Im April 2016, mit noch nicht ganz vierzehn Jahren, wurde Viola konfirmiert. Sie entschied sich für ein halbtransparentes, dunkelblaues Chiffonkleid wie viele ihres Jahrgangs, doch an Viola wirkte es nicht so unschuldig wie an den anderen Mädchen.

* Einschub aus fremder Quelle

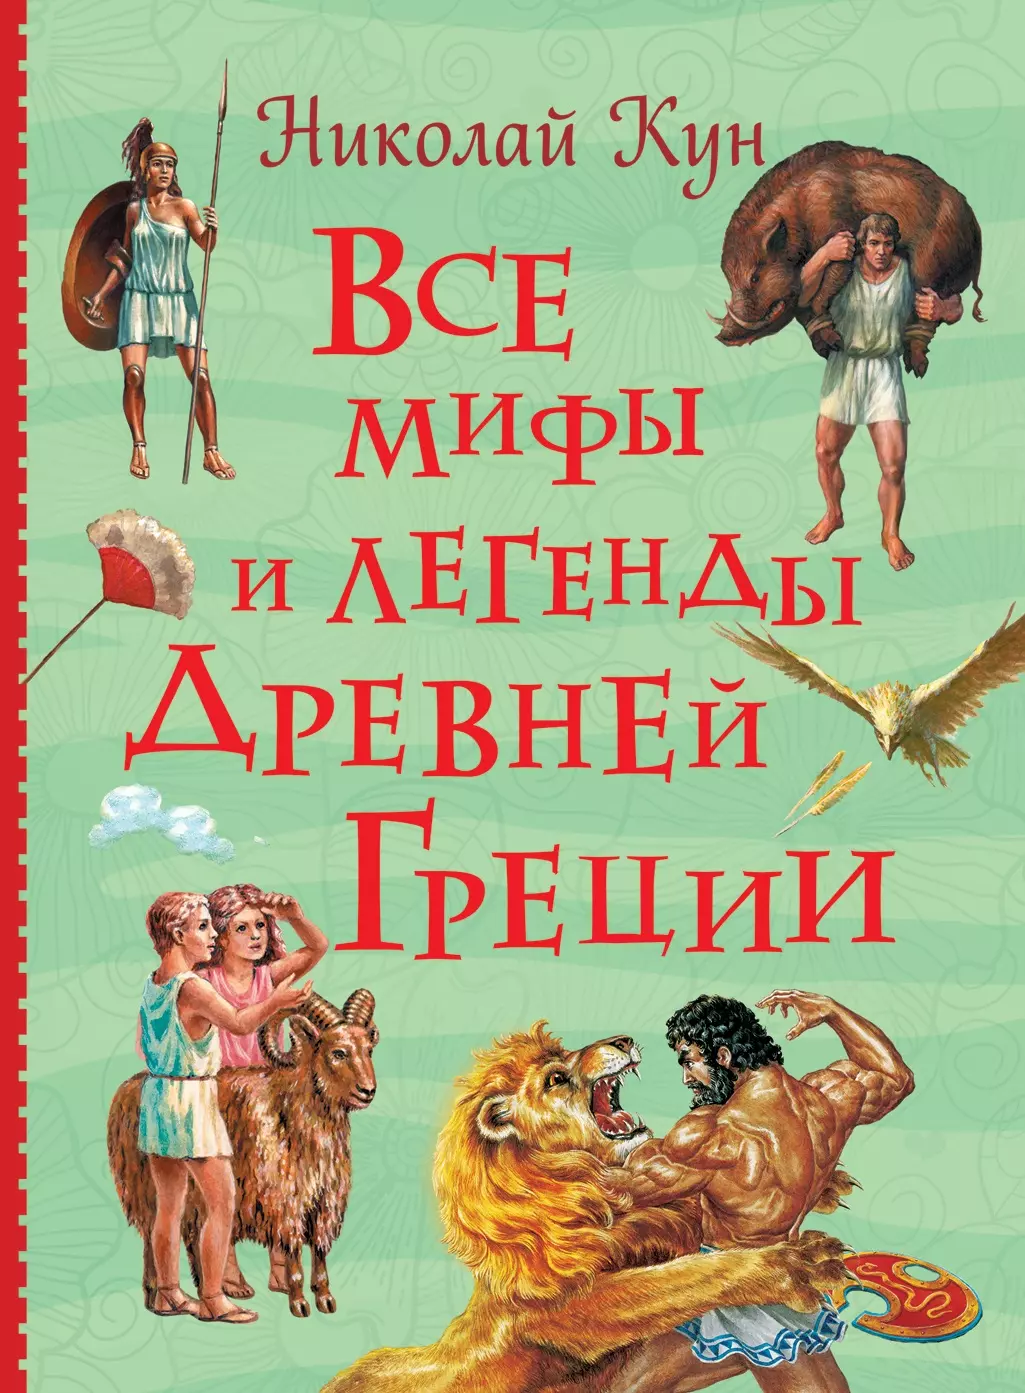 Кун Николай Альбертович - Все мифы и легенды древней Греции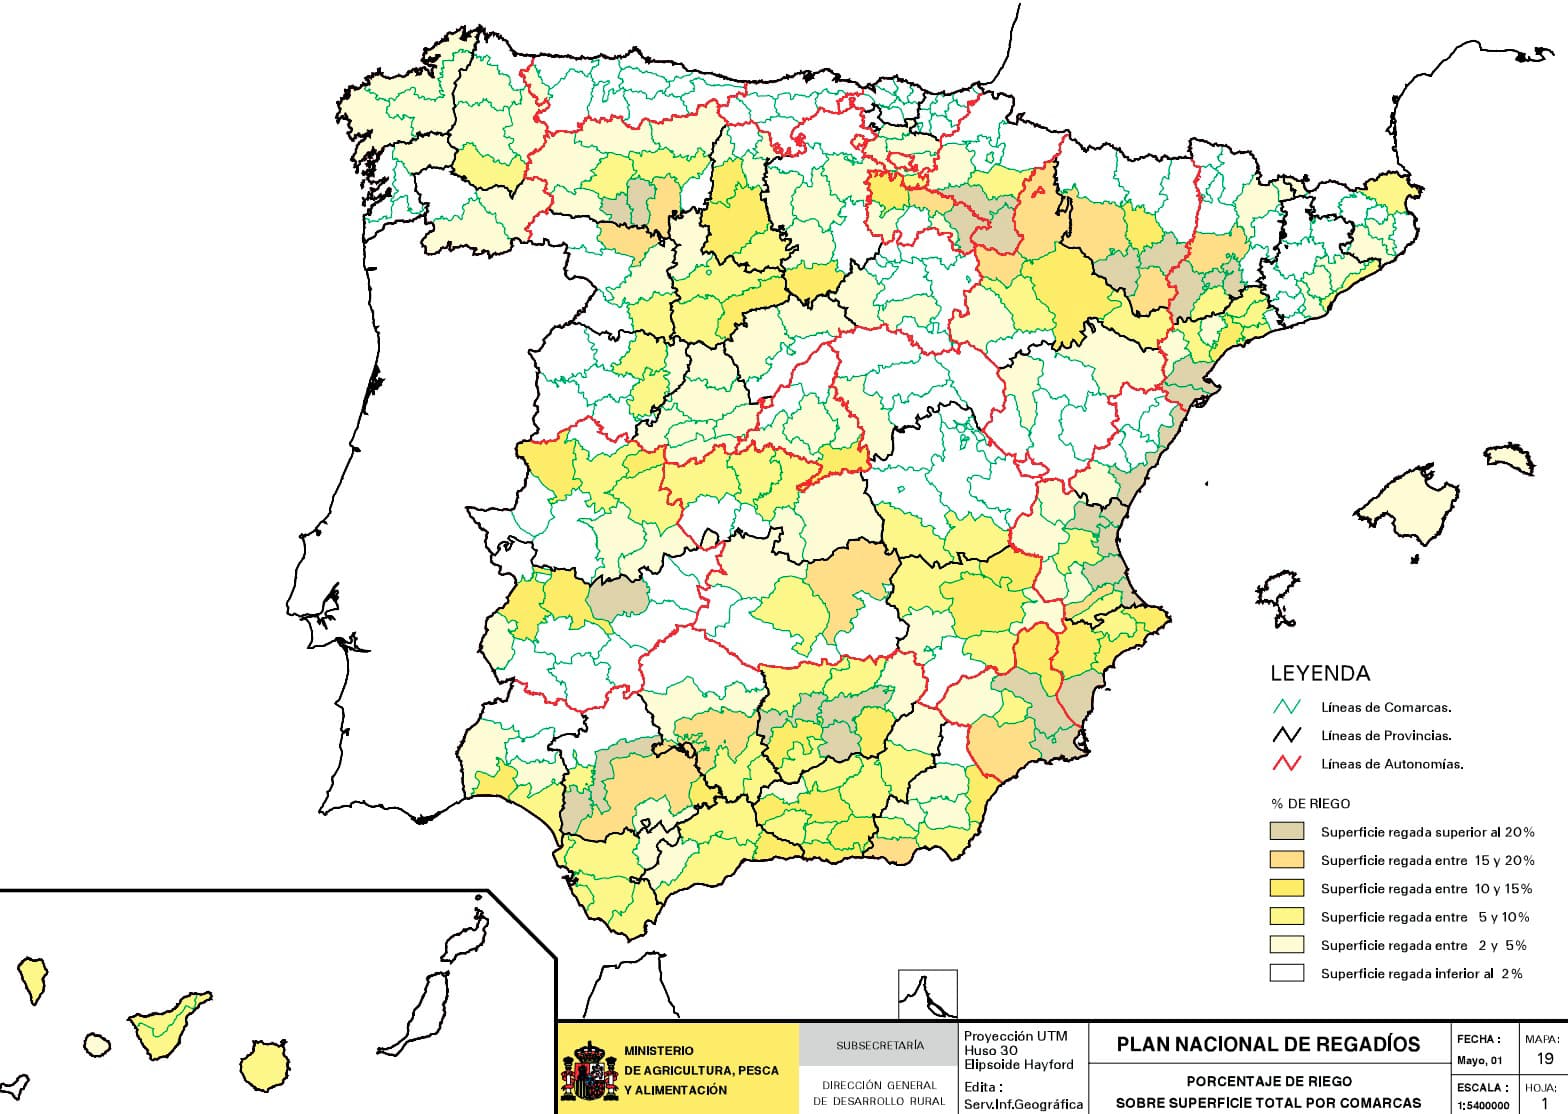 Porcentaje de riego sobre superficie total por comarcas. Ministerio de Agricultura

„Die sieht aus, als wenn sie heute Abend noch arbeiten geht.“, raunte eine missgünstige Mutter und Sigrid Huseman, Paulas Mutter, war erschüttert. Es war nicht von der Hand zu weisen, dass Violas Auftreten bewusst verführerisch wirkte, auch wenn die abfällige Bemerkung der unsensiblen Mutter vollkommen unangebracht war. Sigrid hatte Viola gern und sorgte sich um sie. Etwas stimmte nicht mit dem Mädchen und sie hatte keine Idee, wie sie ihr helfen konnte.
Auf dem Hof Ramöller wurde im Anschluss an den Gottesdienst ein rauschendes Fest nach allen Regeln des örtlichen Brauchtums gefeiert. Festreden wurden gehalten über den Eintritt in die Welt der Erwachsenen und den Ernst des Lebens. Raimunds Augen ruhten dabei beständig auf seiner Tochter und sie ahnte, dass seine bohrenden Blicke nichts Gutes verhießen.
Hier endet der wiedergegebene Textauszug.